Your solution seems more friendly!


----------



## shadowdglx (Aug 1, 2002)

LEGZ said:


> Would the radio still work with the steering wheel control if you don't have the faceplate connected by your custom harness?
> 
> If not, could you elaborate about your custom harness? Why did you need a second radio?
> 
> ...


I would assume that the radio would work with out the faceplate attached. The only problem is if the radio is turned off, dead battery or something, the sw controls won't turn it back on. 
You could just solder right onto the circuit board of the radio and faceplate but with the harness its plug and play. With the 2nd radio I cut the connectors off the circuit boards and soldered onto those pins and made the harness. 
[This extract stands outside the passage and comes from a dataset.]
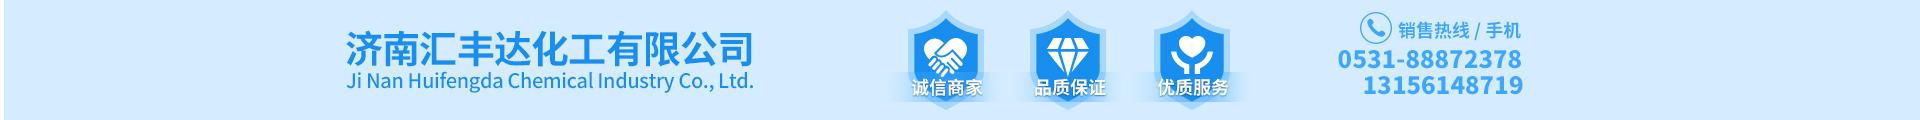 濟南匯豐達化工有限公司

I'd do it again for someone... For a price😳.


----------



## LEGZ (Jan 22, 2013)

The radio and bluetooth is working without the faceplate connected. I was able to change station with the SW controls and place call with my iPhone. I was so happy and I thought that my install was just about to be finished...until this morning. 

After being disconnected for 2 days without touching the car, it's like the car lost the memory about the radio being open. And nothing is working anymore.  Like you said, the SW controls won't wake up the radio. It's sad, because my on Subaru, I used to be able to open or close the radio from the SW controls. I wonder if its something that could be change with the Vag com.
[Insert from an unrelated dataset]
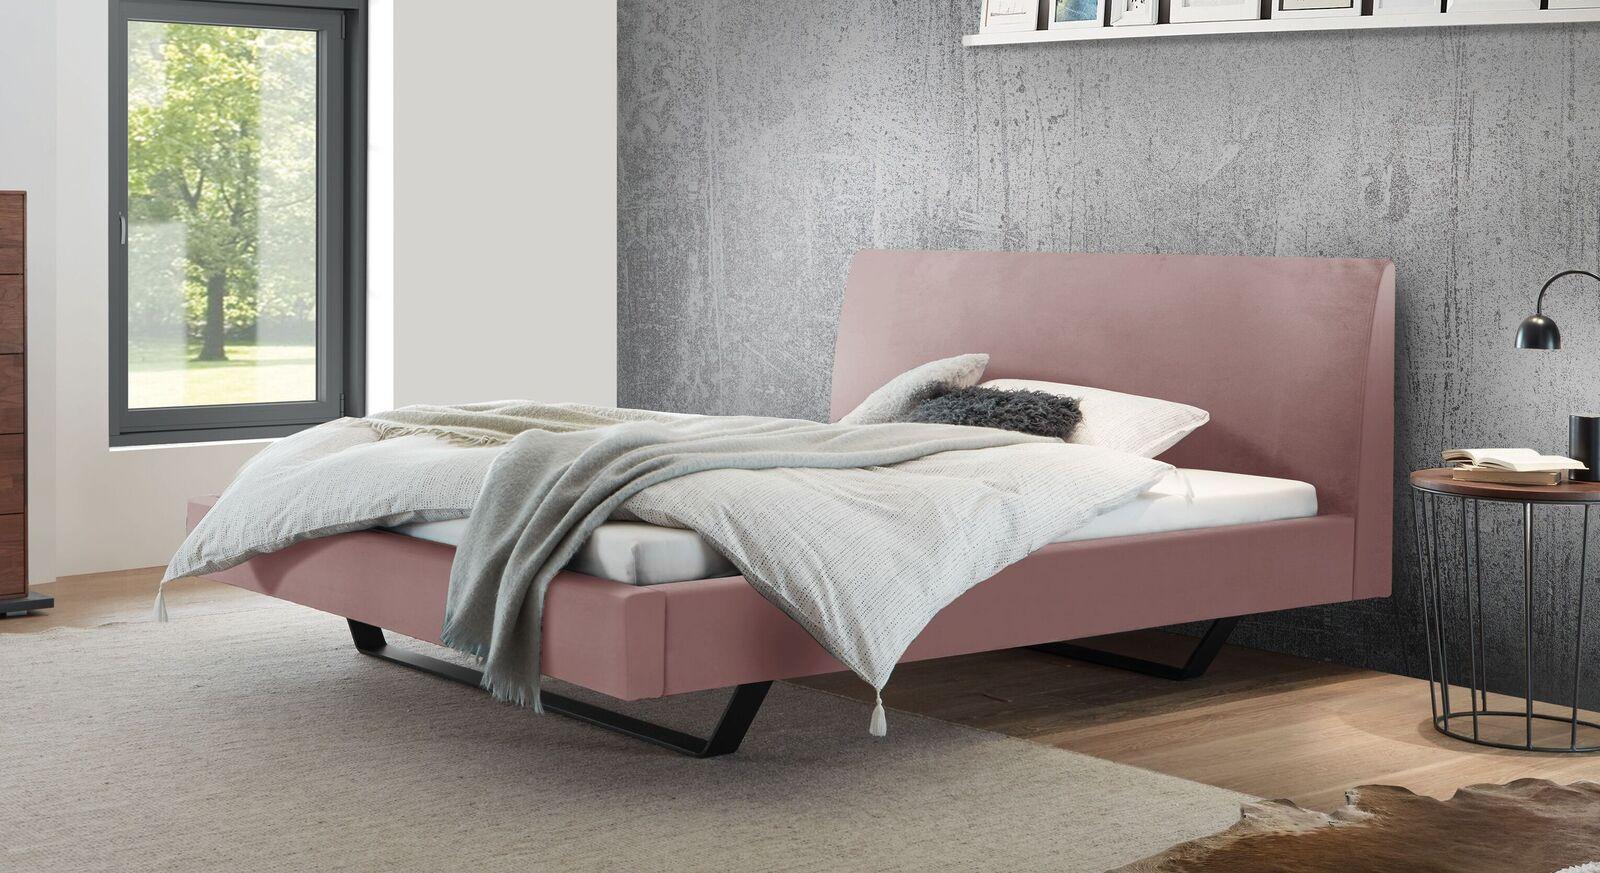 Bett Lieven mit blushfarbenem Samtbezug

Otherwise , I'm trying to find if the connector are generic to buy a set without paying 200$ for a used radio. 

But if you could provide me with a custom harness, I would consider your offer. 

Let me know

I've also bought a Nexus 7 today. According to my measurement it would be the perfect size to replace the factory radio without cutting or removing anything else compare to the iPad mini. And it's almost half the price so I can do my wife's Outback as well!


----------



## shadowdglx (Aug 1, 2002)

LEGZ said:


> The radio and bluetooth is working without the faceplate connected. I was able to change station with the SW controls and place call with my iPhone. I was so happy and I thought that my install was just about to be finished...until this morning.
> 
> After being disconnected for 2 days without touching the car, it's like the car lost the memory about the radio being open. And nothing is working anymore.  Like you said, the SW controls won't wake up the radio. It's sad, because my on Subaru, I used to be able to open or close the radio from the SW controls. I wonder if its something that could be change with the Vag com.
> 
> ...


No matter what if you want to do the harness you'd need to sacrifice a radio or solder directly onto the boards.


----------